### WHAT TO PRODUCE
In the entries below, repeat only the lines between those holding "Roof details inside" and "Minimalist Green Floral Boho Shower Curtain", inclusive. Leave pictures out.

### DATA PROVIDED
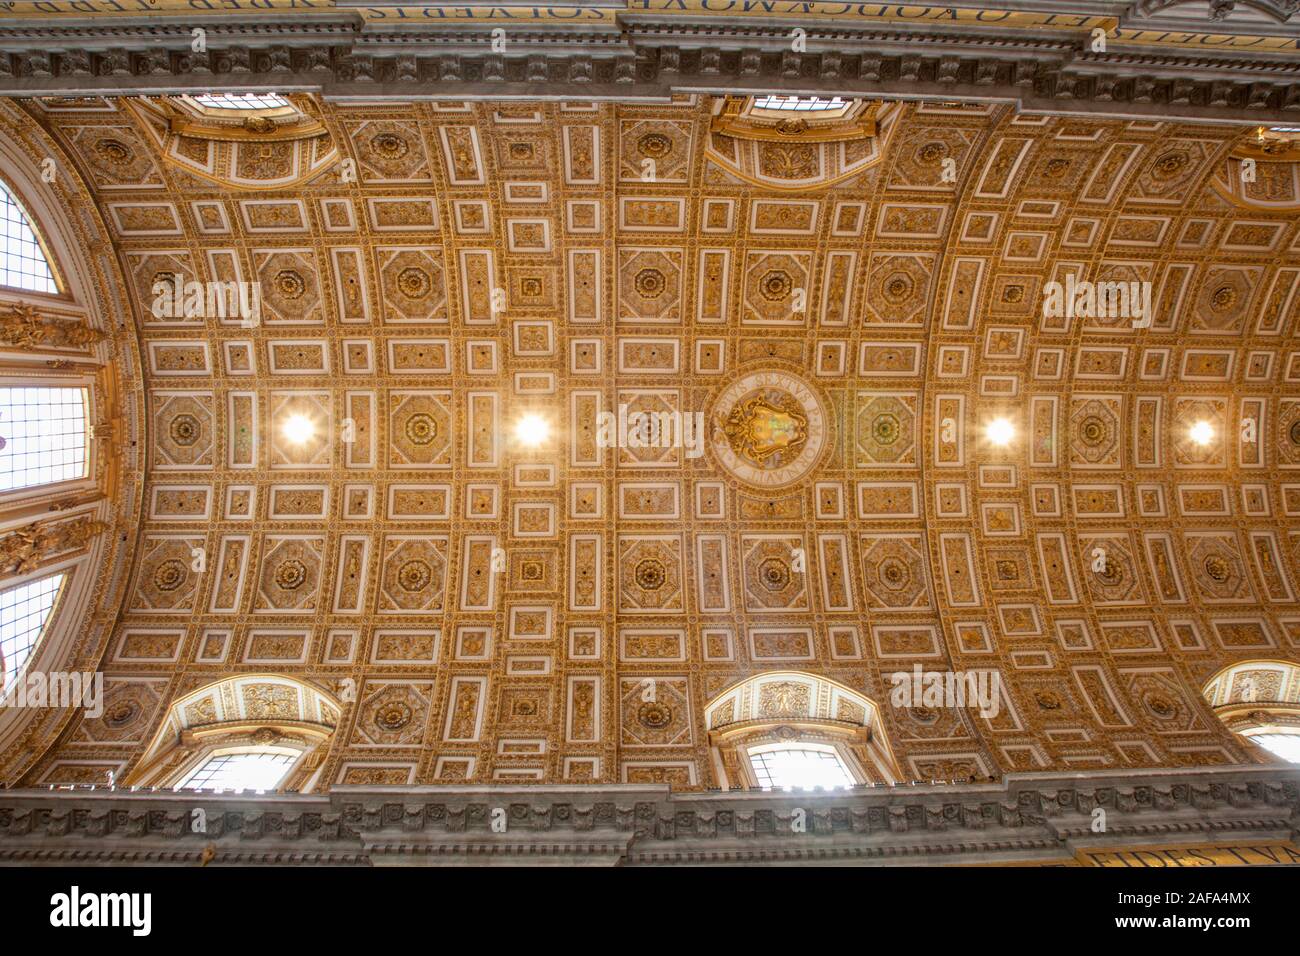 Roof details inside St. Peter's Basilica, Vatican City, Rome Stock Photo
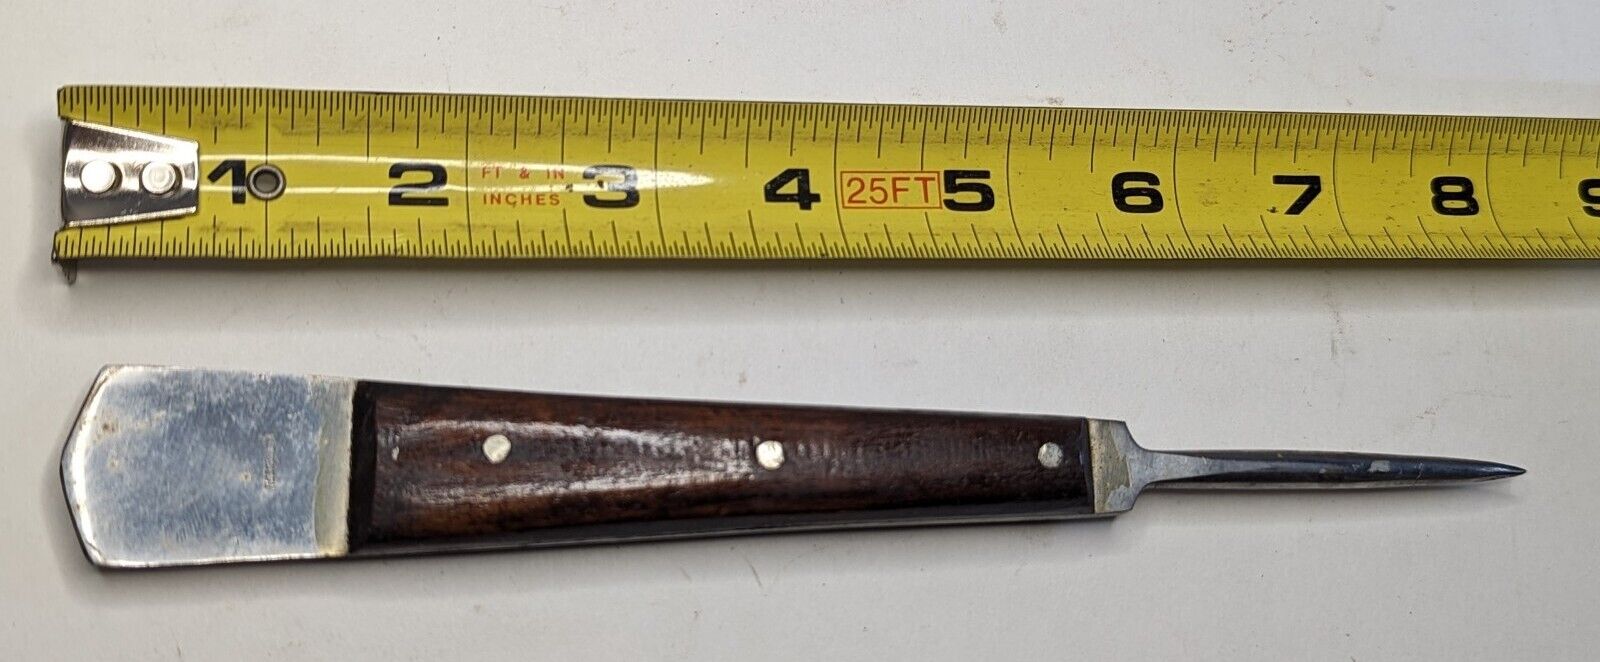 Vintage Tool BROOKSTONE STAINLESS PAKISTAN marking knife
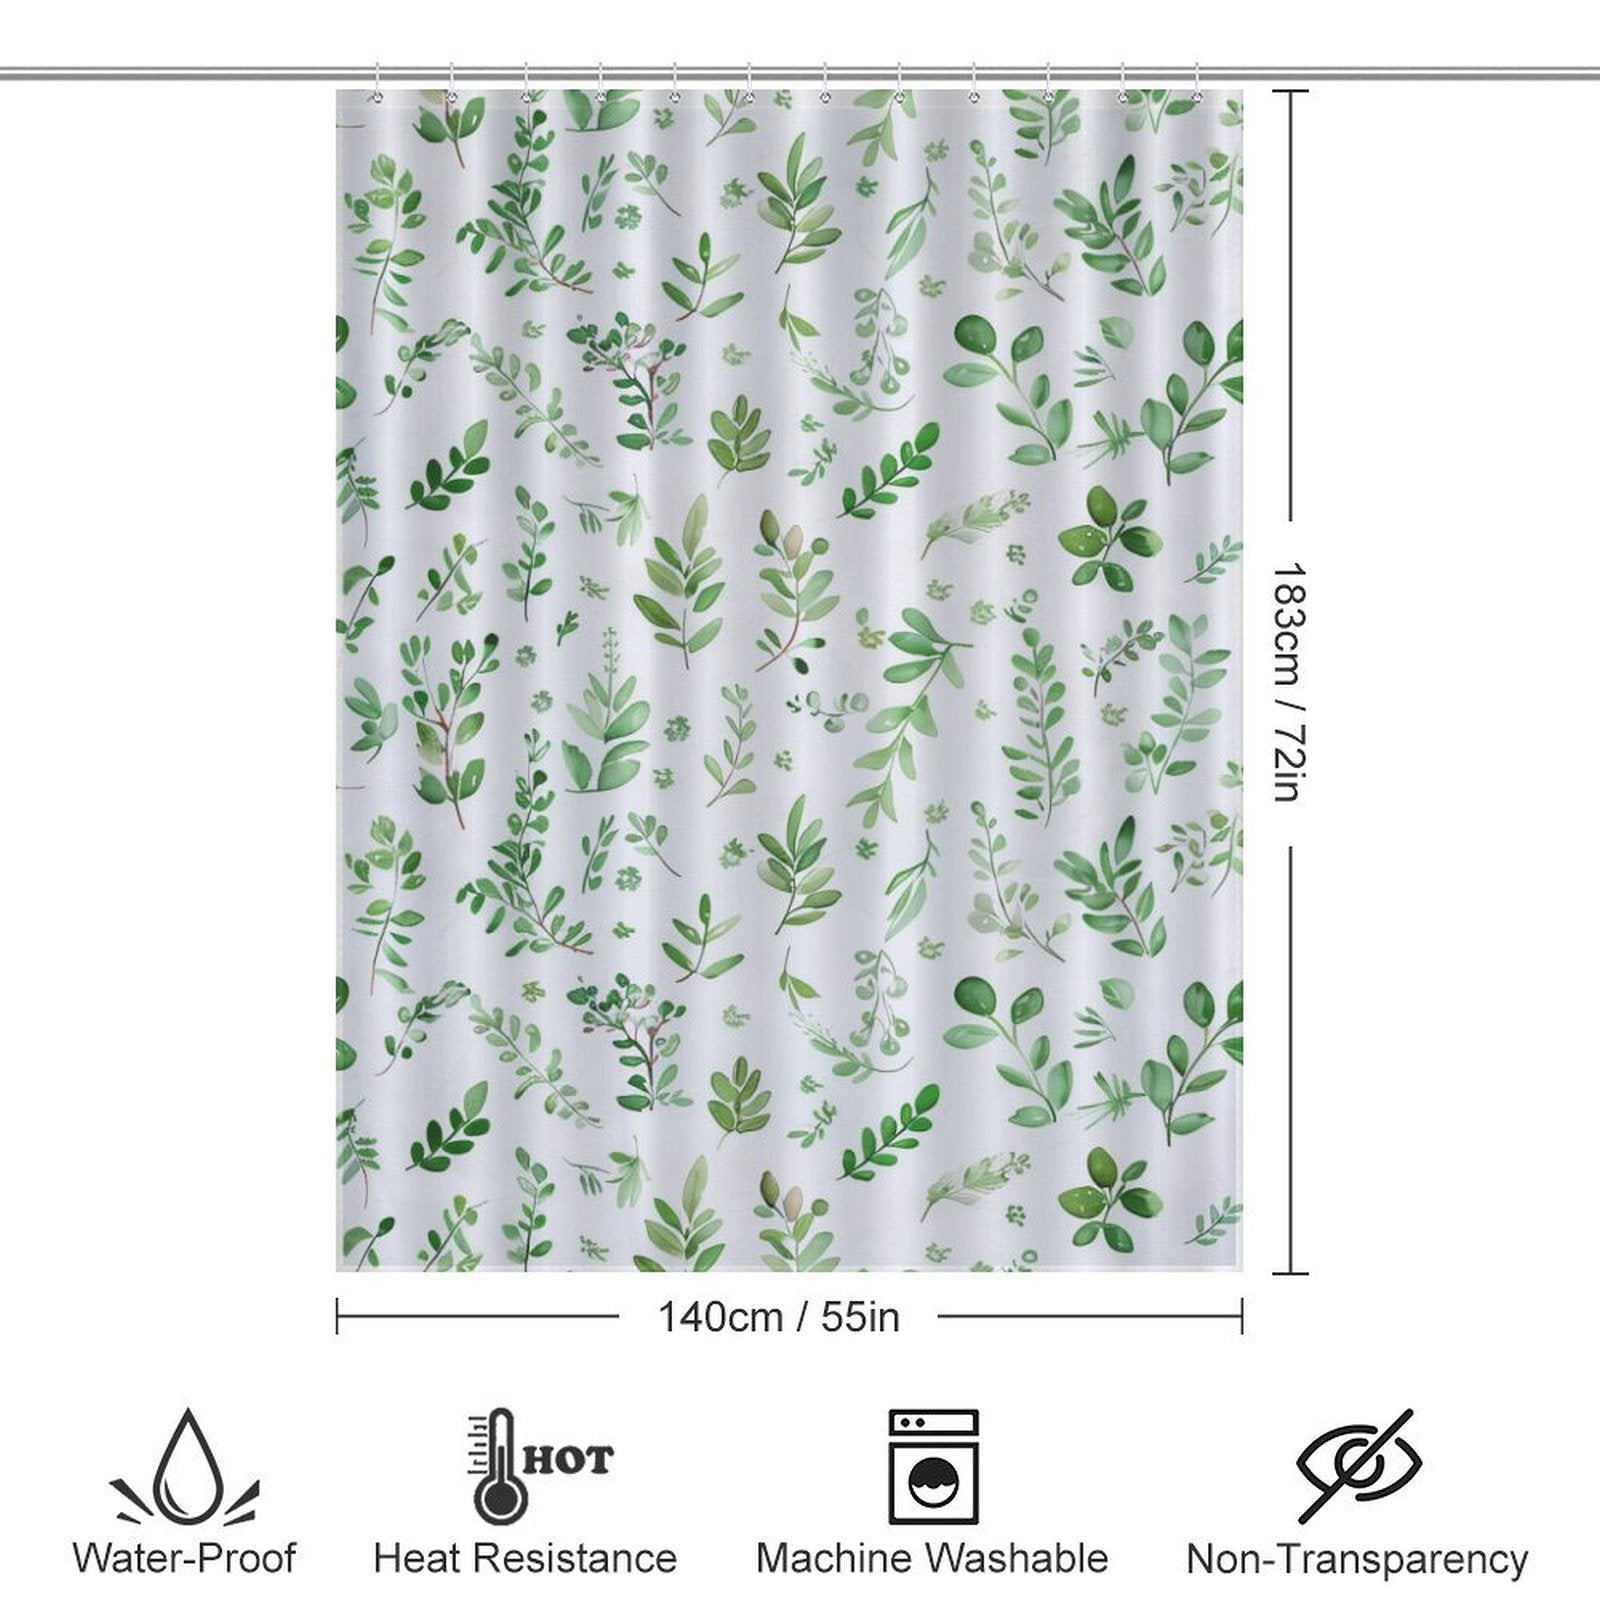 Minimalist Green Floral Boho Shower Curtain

---

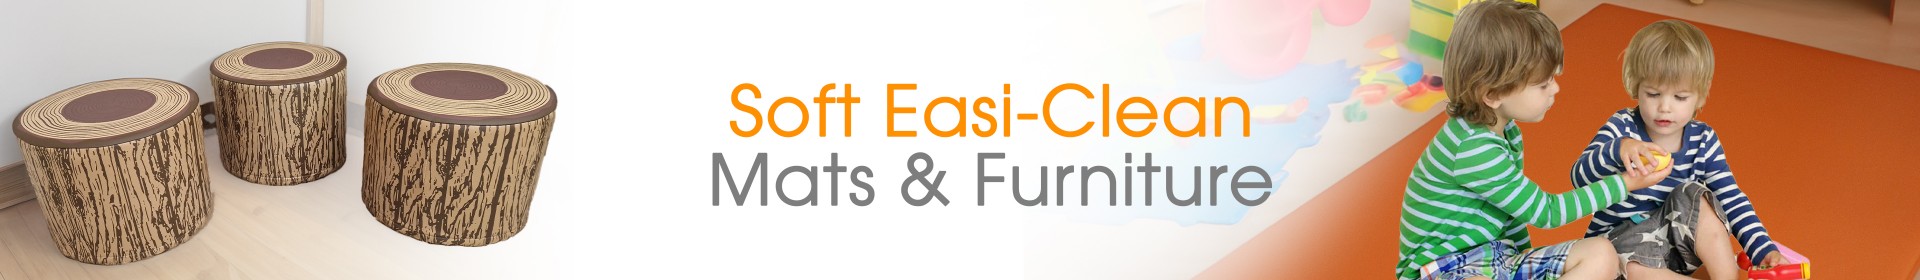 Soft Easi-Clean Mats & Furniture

### WRITTEN SOLUTION
 Roof details inside St. Peter's Basilica, Vatican City, Rome Stock Photo
 Vintage Tool BROOKSTONE STAINLESS PAKISTAN marking knife
 Minimalist Green Floral Boho Shower Curtain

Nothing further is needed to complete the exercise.